- **Your goal**
From the first line to the last, copy the data exactly and drop the pictures.

- **Recorded data**
== Segment start ==

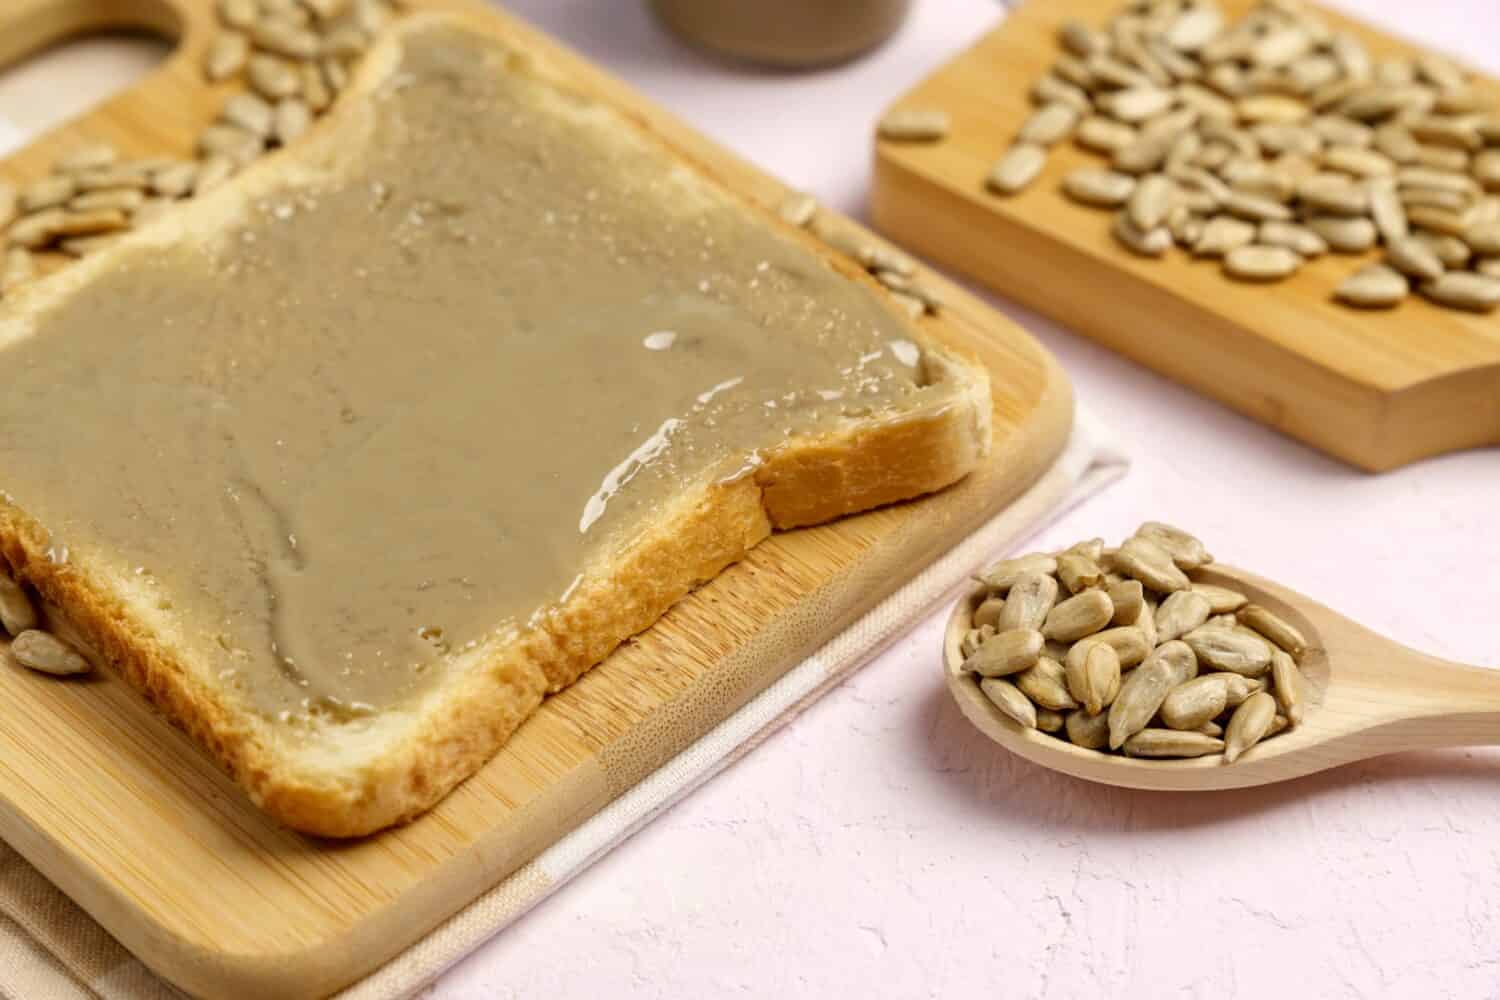 Toast bread with sunflower seeds. Sunflower butter is a new trend and a great alternative to nut butter
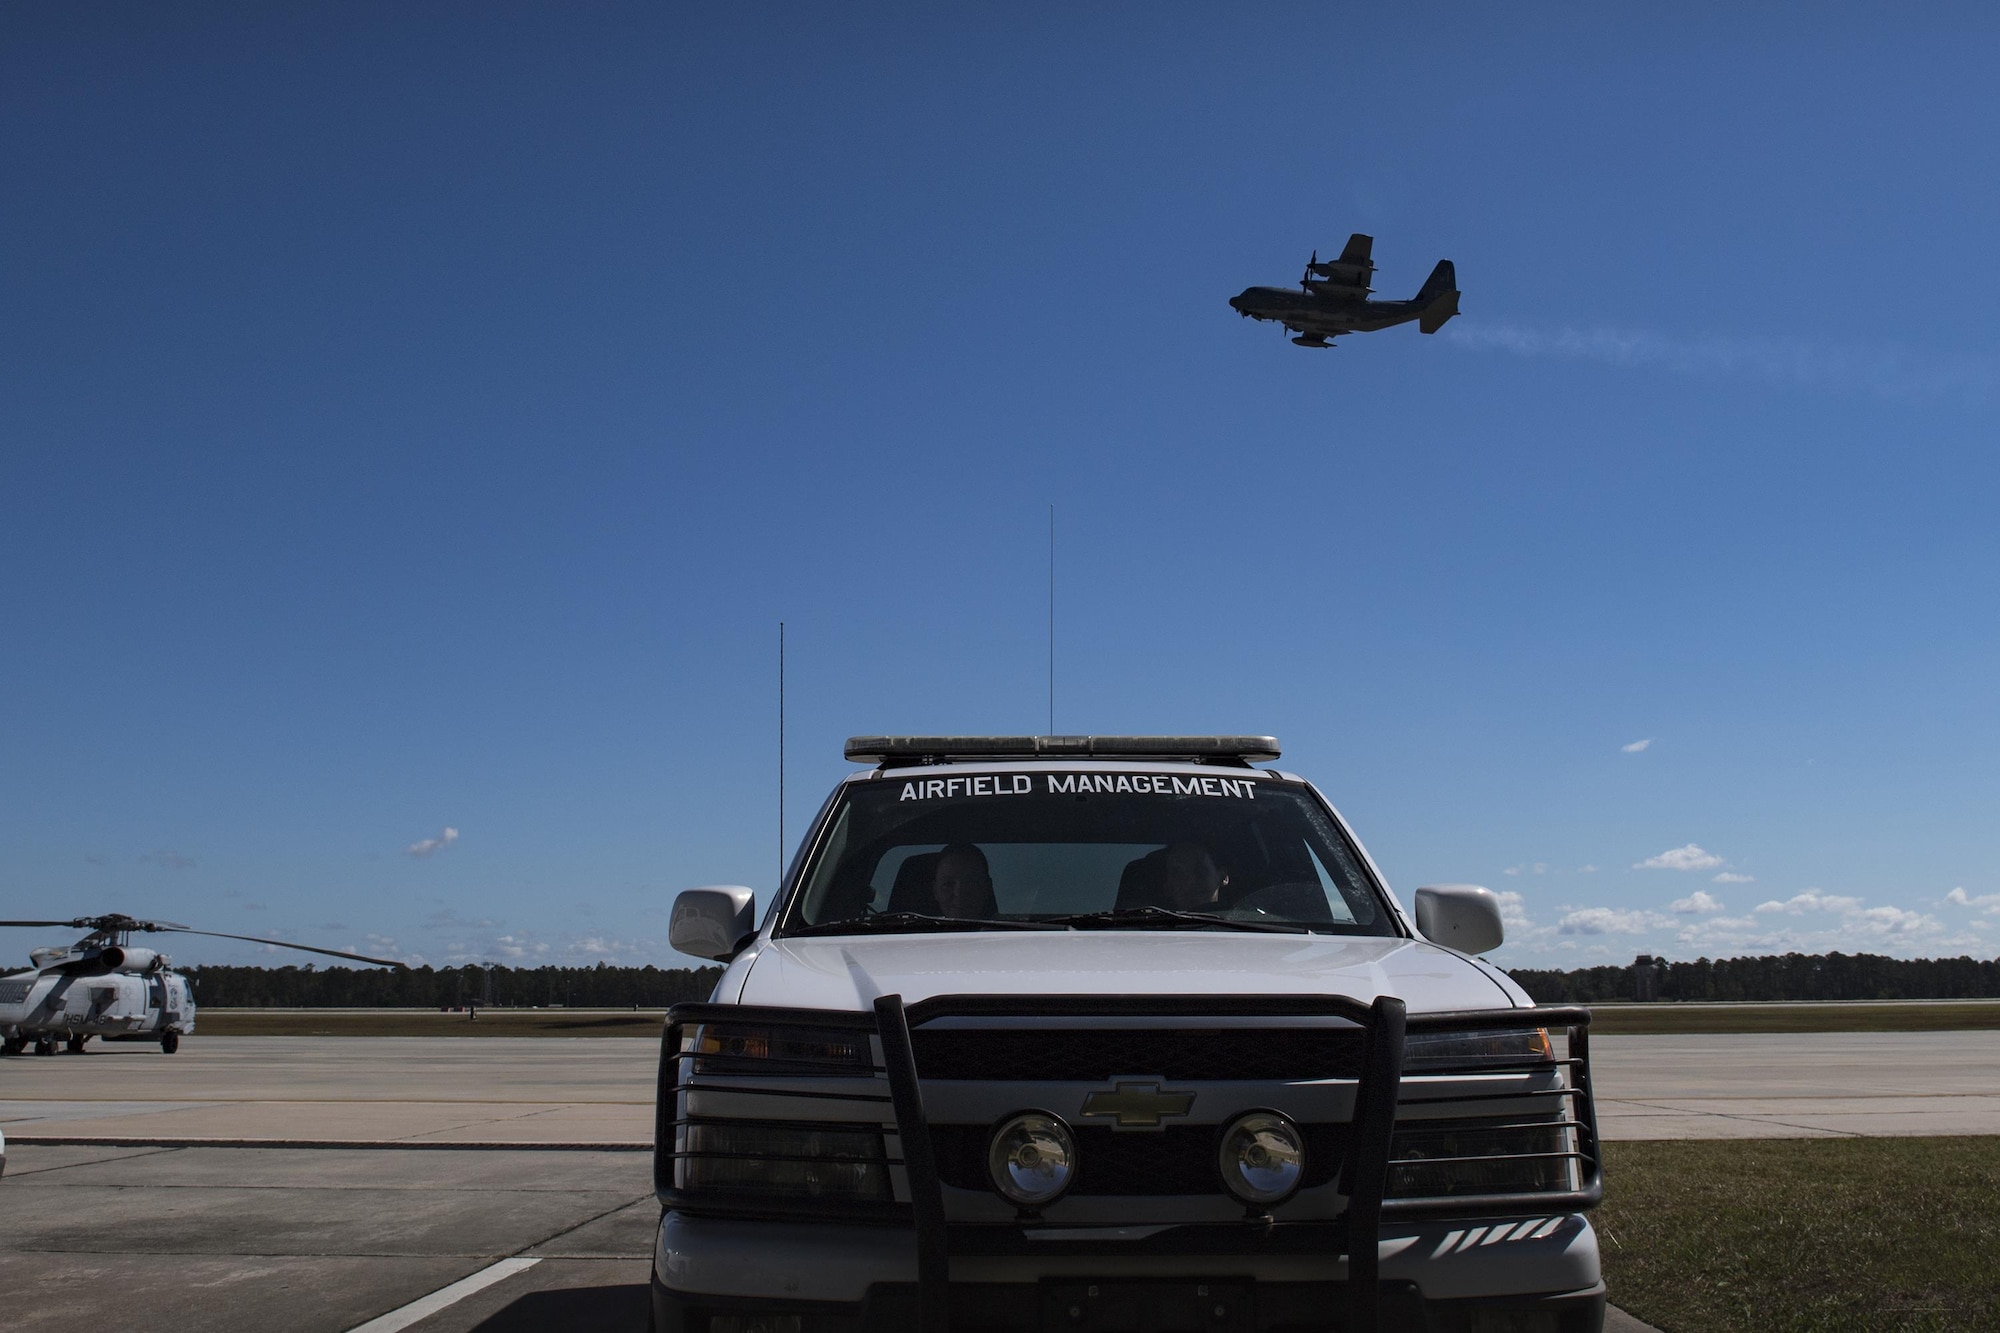 Tech. Sgt. Shannon Walsh, left, 23d Operations Support Squadron NCO in charge of airfield management operations and Senior Airman Kelsey Seroogy, 23d OSS airfield management shift leader, park their truck after a routine driven inspection while an HC-130J Combat King II ascends in the background, Oct. 19, 2016, at Moody Air Force Base, Ga. It’s safe to say anytime an aircraft is seen in Moody’s skies, members of airfield management are manning their stations. (U.S. Air Force photo by Airman 1st Class Daniel Snider)
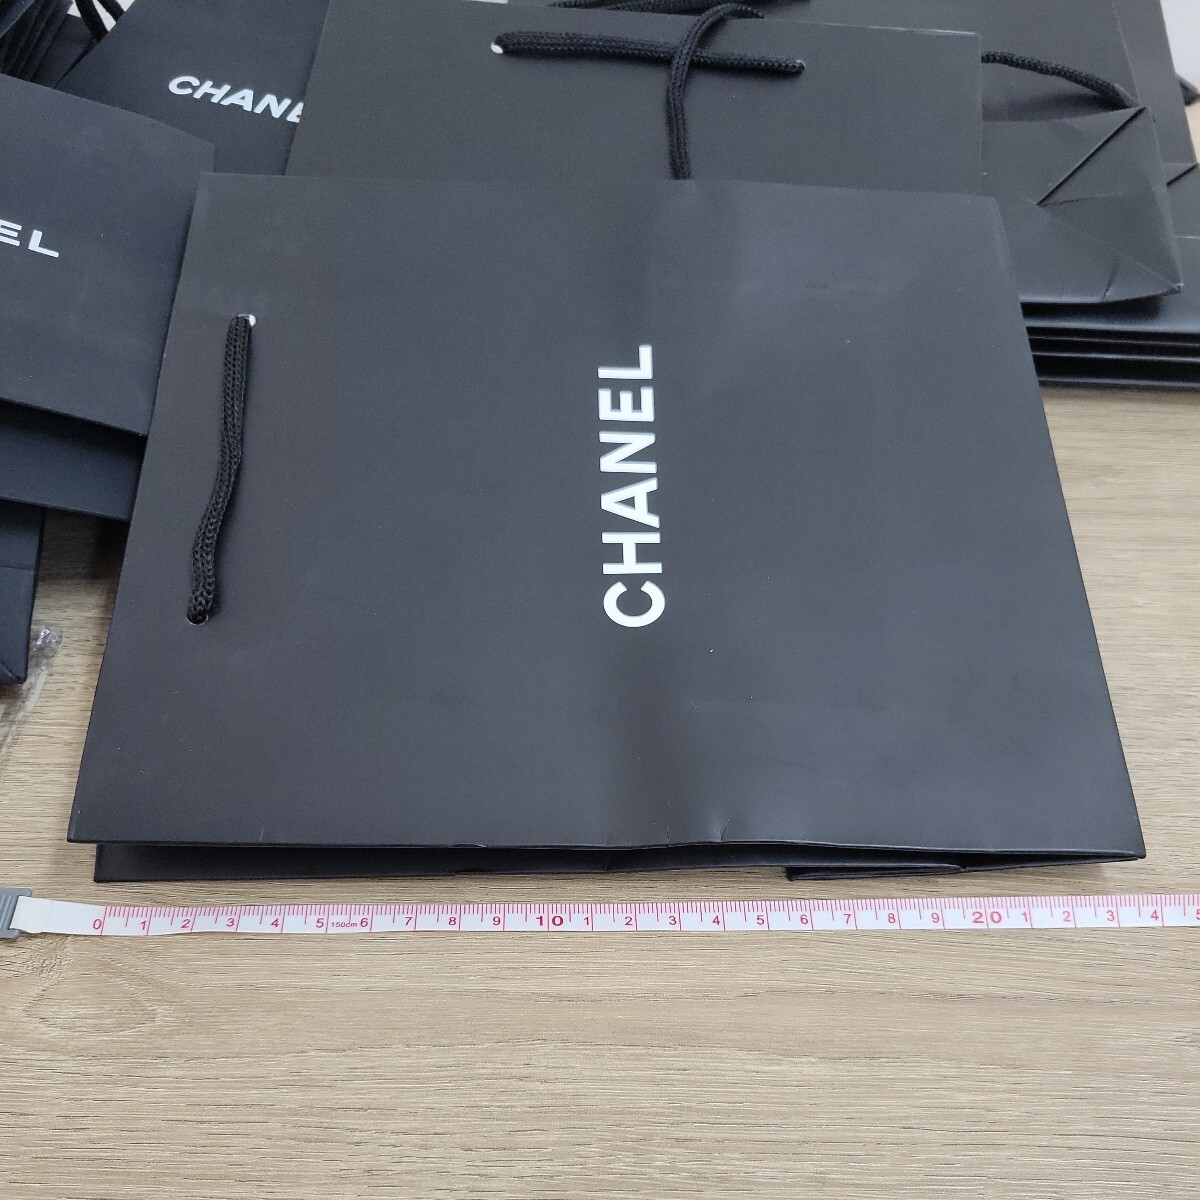  Chanel paper bag sack CHANEL small articles for storage bag accessory set summarize

== Segment end ==

- **Result for this exercise**
 Toast bread with sunflower seeds. Sunflower butter is a new trend and a great alternative to nut butter
 Tech. Sgt. Shannon Walsh, left, 23d Operations Support Squadron NCO in charge of airfield management operations and Senior Airman Kelsey Seroogy, 23d OSS airfield management shift leader, park their truck after a routine driven inspection while an HC-130J Combat King II ascends in the background, Oct. 19, 2016, at Moody Air Force Base, Ga. It’s safe to say anytime an aircraft is seen in Moody’s skies, members of airfield management are manning their stations. (U.S. Air Force photo by Airman 1st Class Daniel Snider)
  Chanel paper bag sack CHANEL small articles for storage bag accessory set summarize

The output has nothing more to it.